--- RECORD EXTRACTS ---
═══
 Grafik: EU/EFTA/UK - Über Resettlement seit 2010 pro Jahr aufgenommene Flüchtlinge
═══
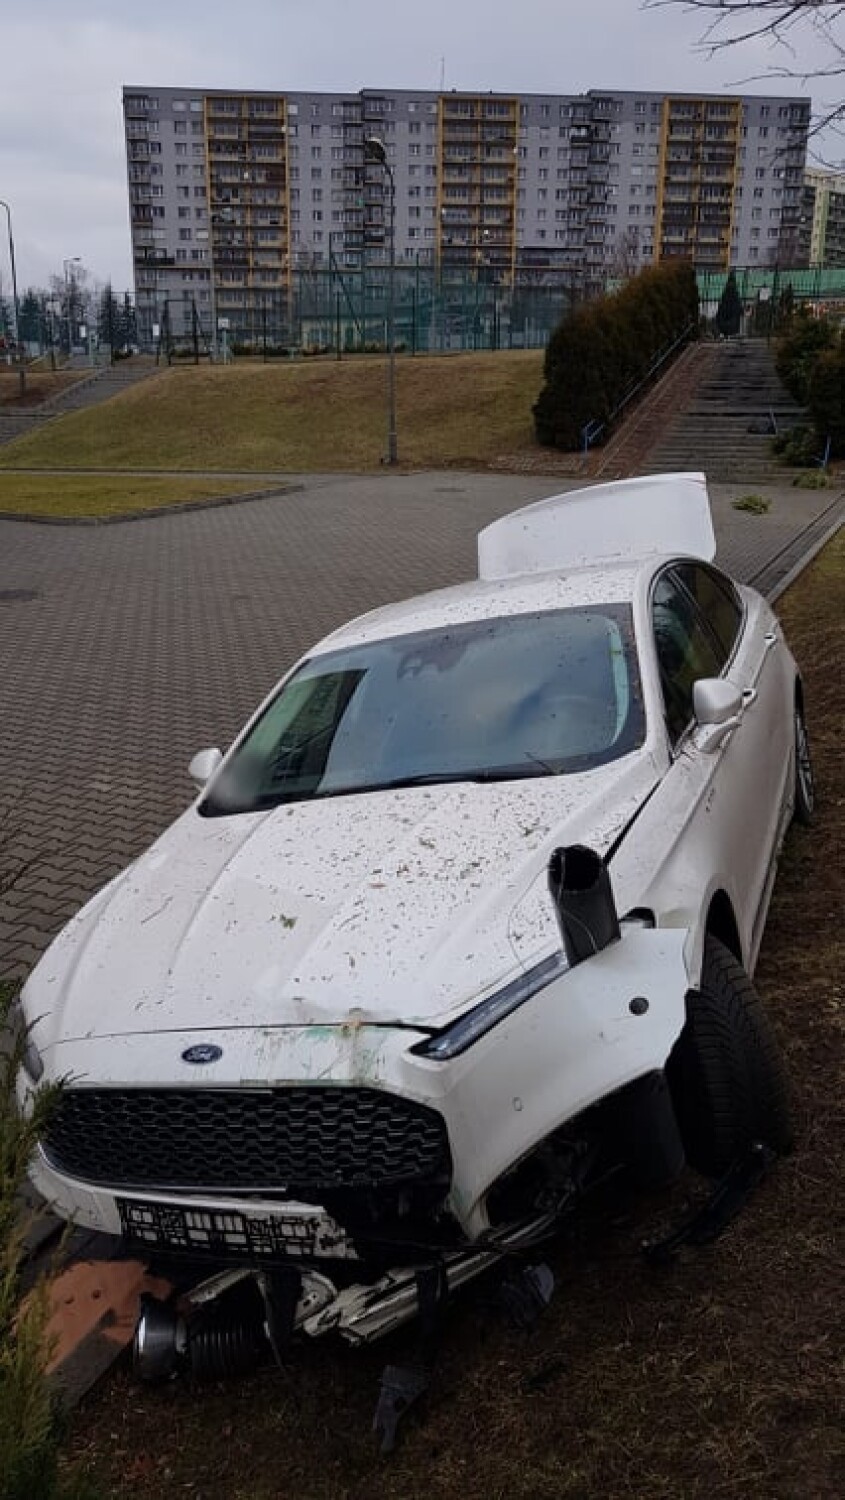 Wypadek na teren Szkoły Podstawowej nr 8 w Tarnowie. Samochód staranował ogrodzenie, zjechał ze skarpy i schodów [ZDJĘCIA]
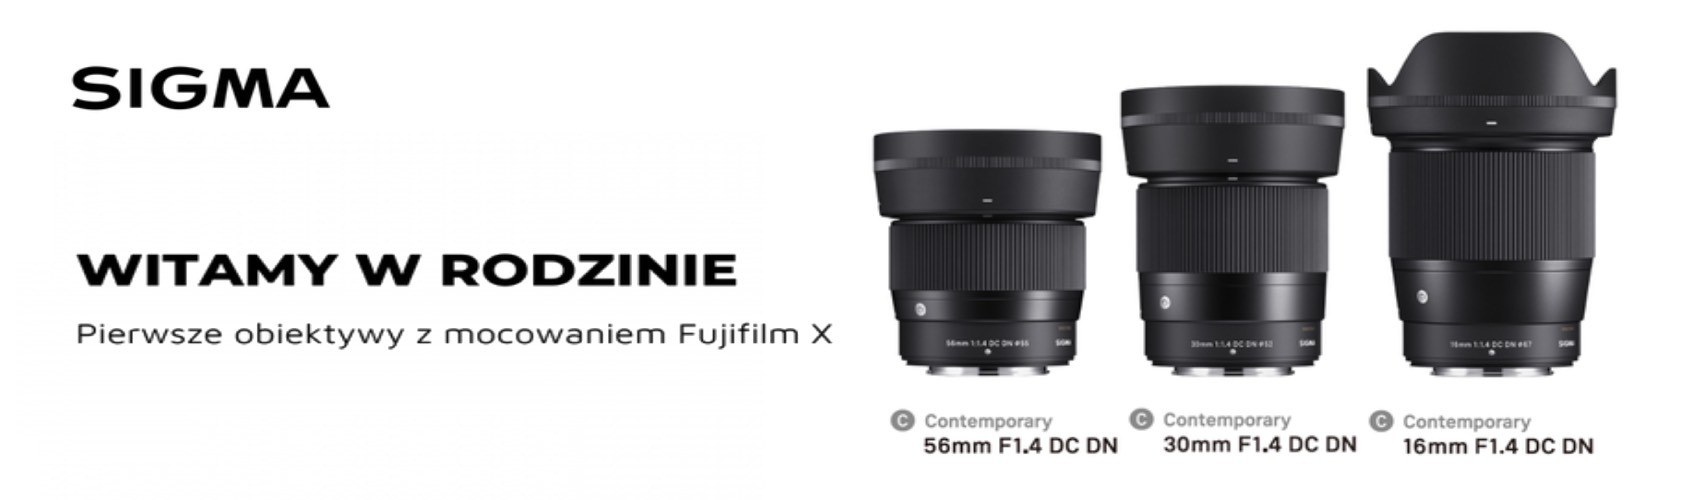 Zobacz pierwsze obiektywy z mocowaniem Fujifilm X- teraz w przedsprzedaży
═══
--- WHAT YOU WILL DO ---
Skip every picture, and restate word for word only the lines above from the line containing "Wypadek na teren" to the line containing "Zobacz pierwsze obiektywy", both of them included.

--- RESPONSE BOX ---
 Wypadek na teren Szkoły Podstawowej nr 8 w Tarnowie. Samochód staranował ogrodzenie, zjechał ze skarpy i schodów [ZDJĘCIA]
 Zobacz pierwsze obiektywy z mocowaniem Fujifilm X- teraz w przedsprzedaży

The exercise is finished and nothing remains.